These are lies I often told myself to justify or excuse a lack of effort to quit drinking. Quitting could always wait for another day when I wasn't so stressed, lonely or depressed. But the truth couldn't be any different. These are the LIES that bound me and the TRUTHS that set me free.
LIE-- God doesn't love me.
TRUTH-- "So do not fear, for I am with you; do not be dismayed for I am your God. I will strengthen you and help you; I will uphold you with my righteous right hand." Isaiah 41:10
LIE-- After all of the crazy things I have done drunk, I am surely bound for hell anyway.

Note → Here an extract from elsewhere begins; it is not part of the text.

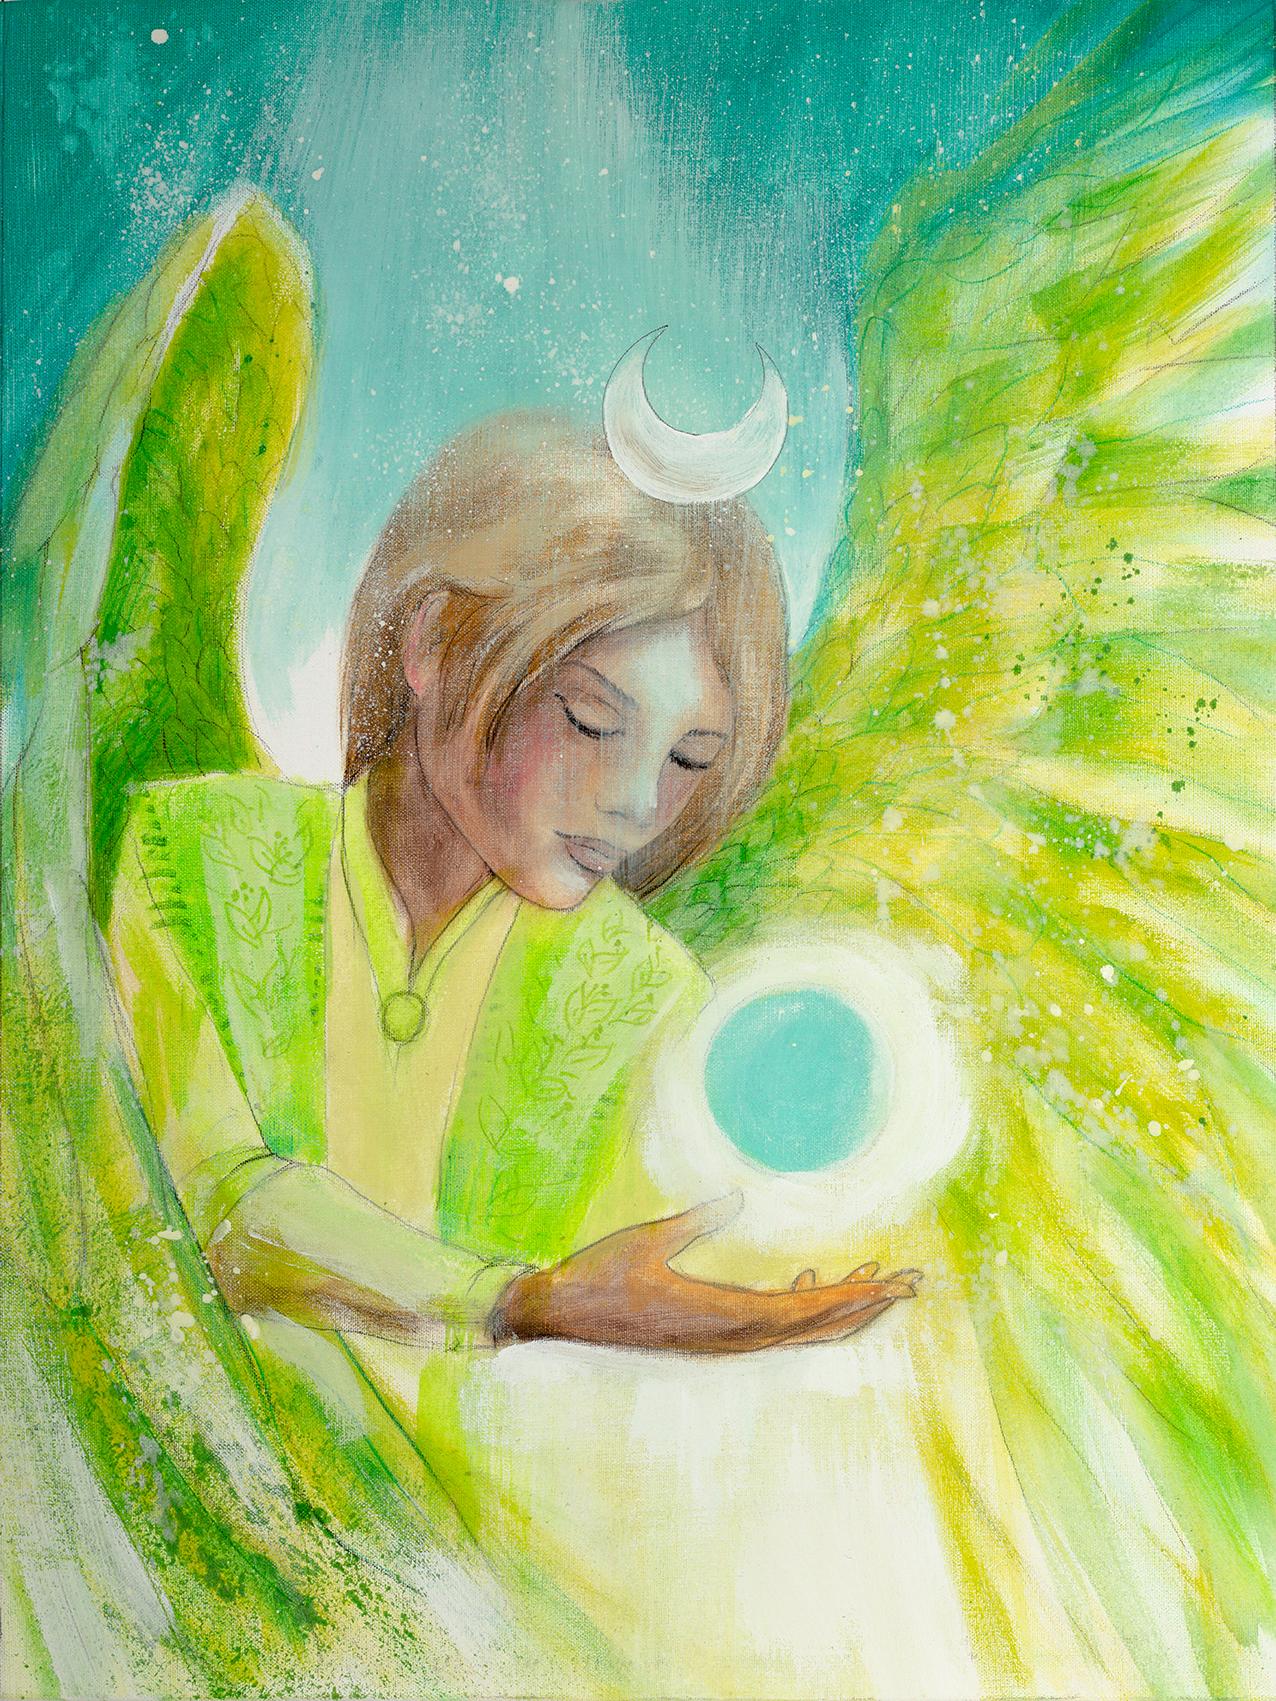 Engel der Heilung / Einklang aller Wesen
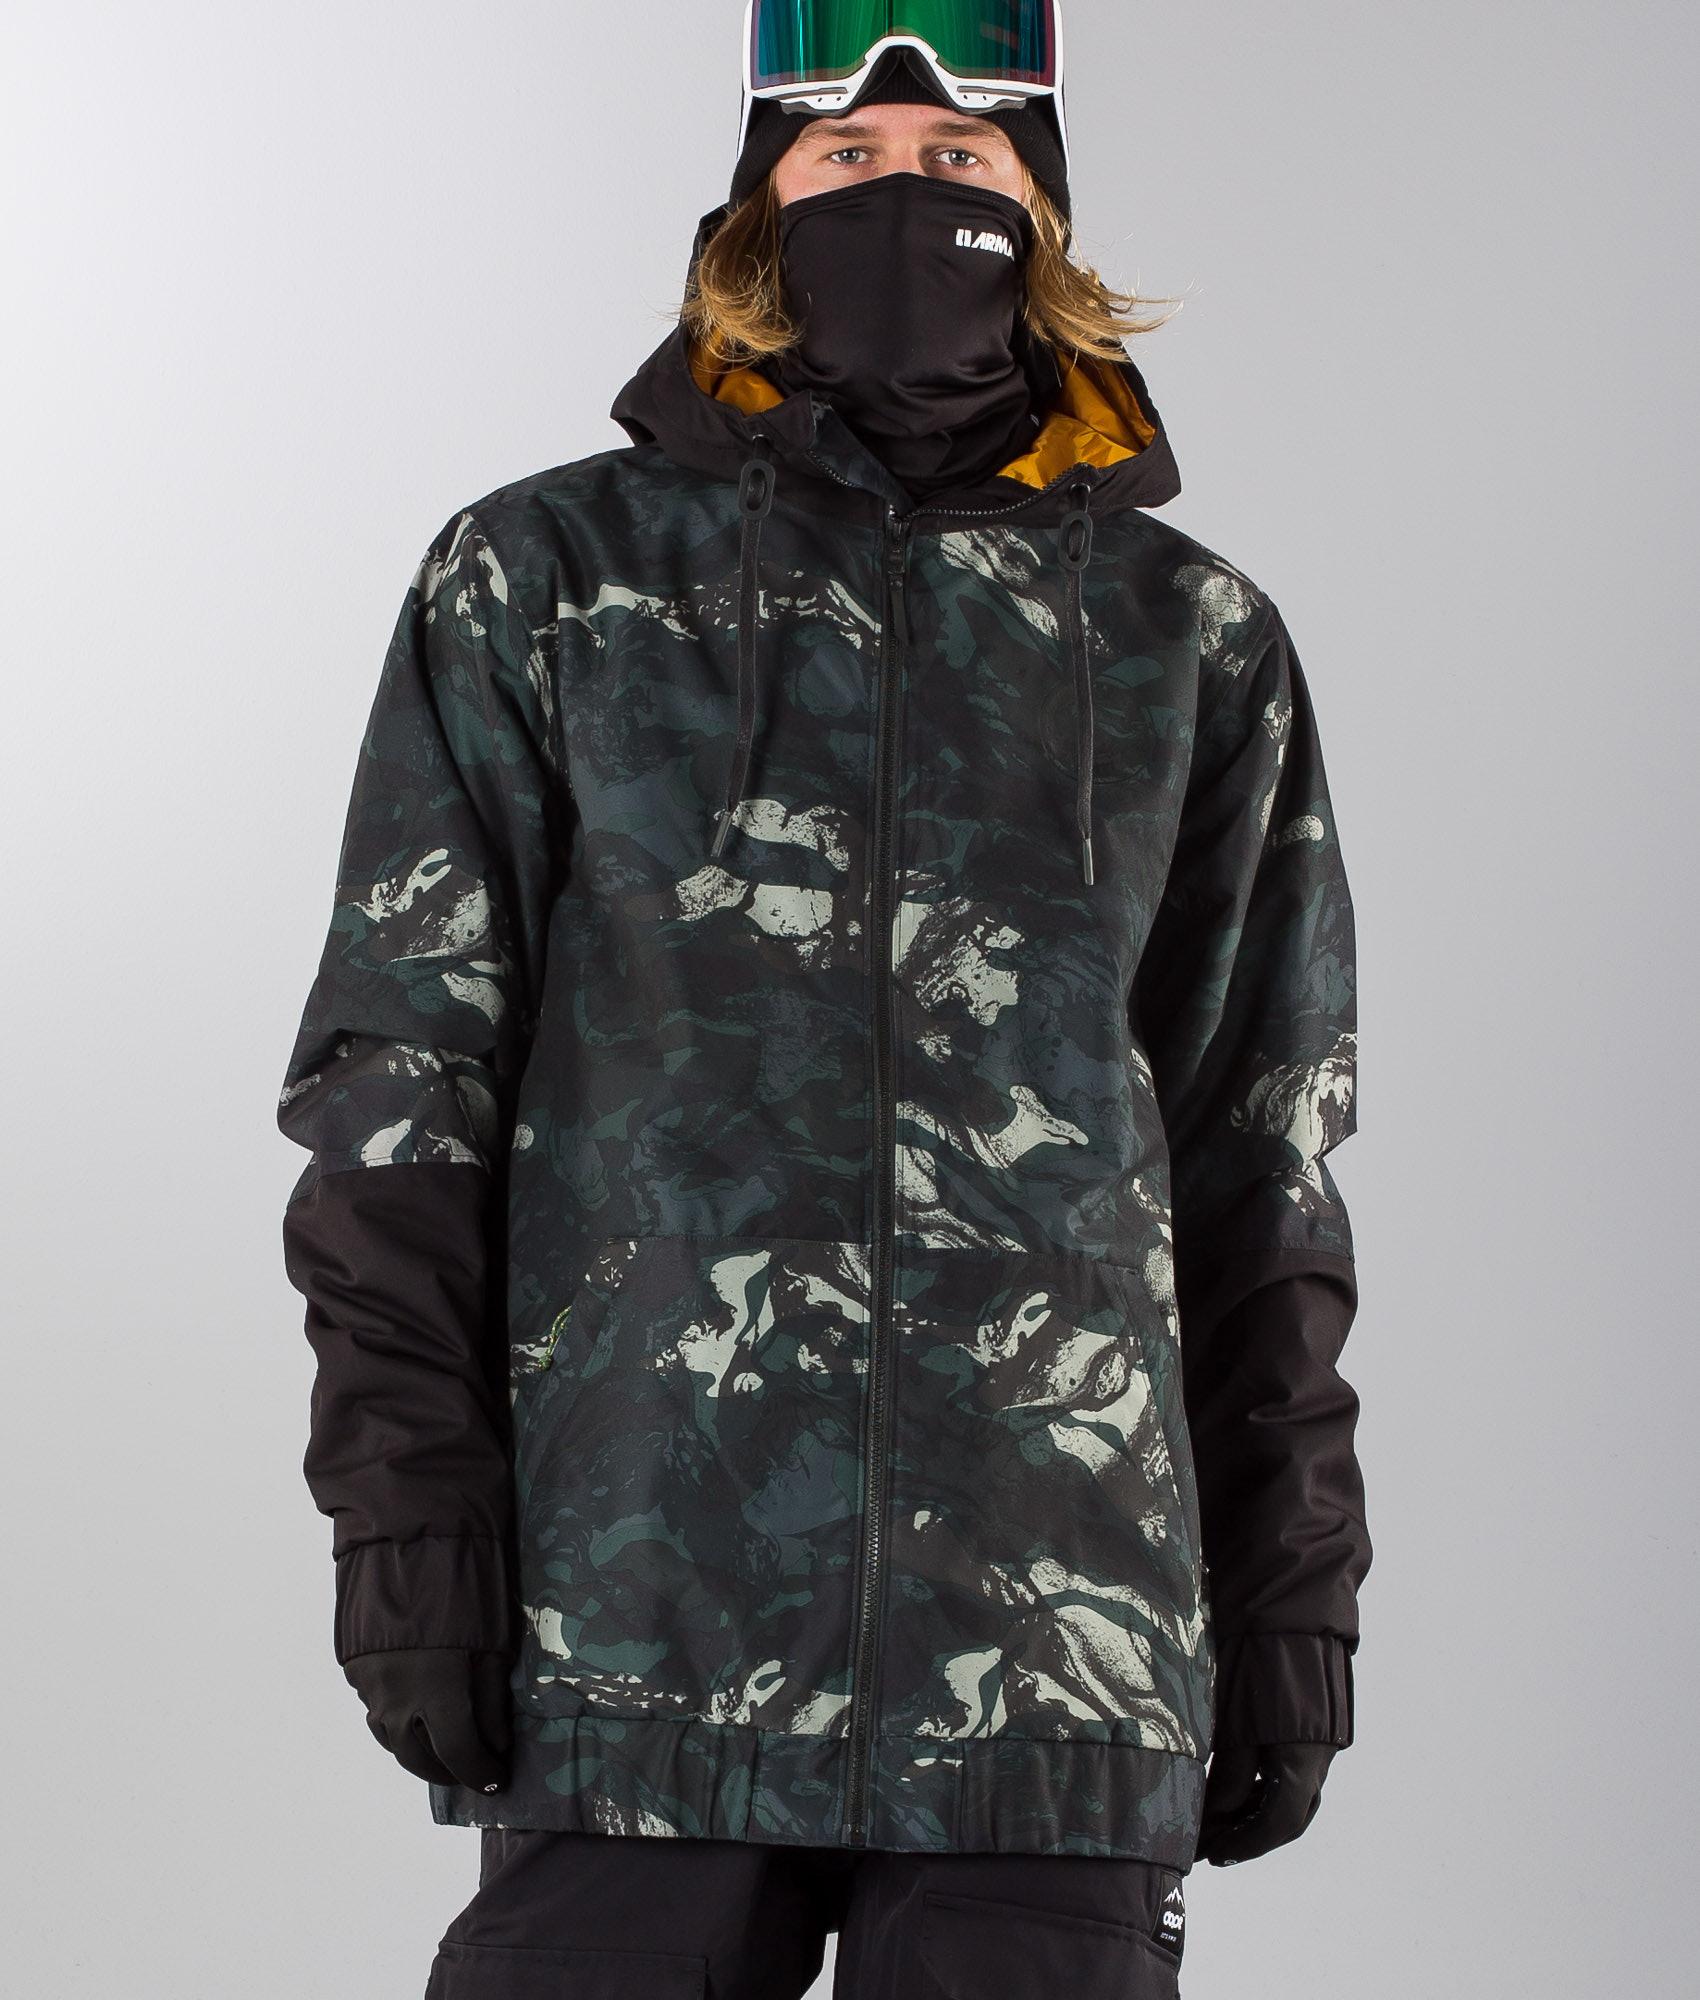 29f7ecaa74 Armada Baxter Insulated Ski Jacket Sediment - Ridestore.com

So, what's the point?
TRUTH-- "But God demonstrates his own love for us in this: While we were still sinners, Christ died for us." Romans 5:8
"This righteousness from God comes from faith in Jesus Christ to all who believe... for all have sinned and fall short of the glory of God," Romans 3:22-23
"I tell you the truth, whoever hears my word and believes him who sent me has eternal life and will not be condemned; he has crossed over from death to life." John 5:24
LIE-- I will never be able to stop drinking. I am beyond hope. I might as well accept my fate and learn to live with it.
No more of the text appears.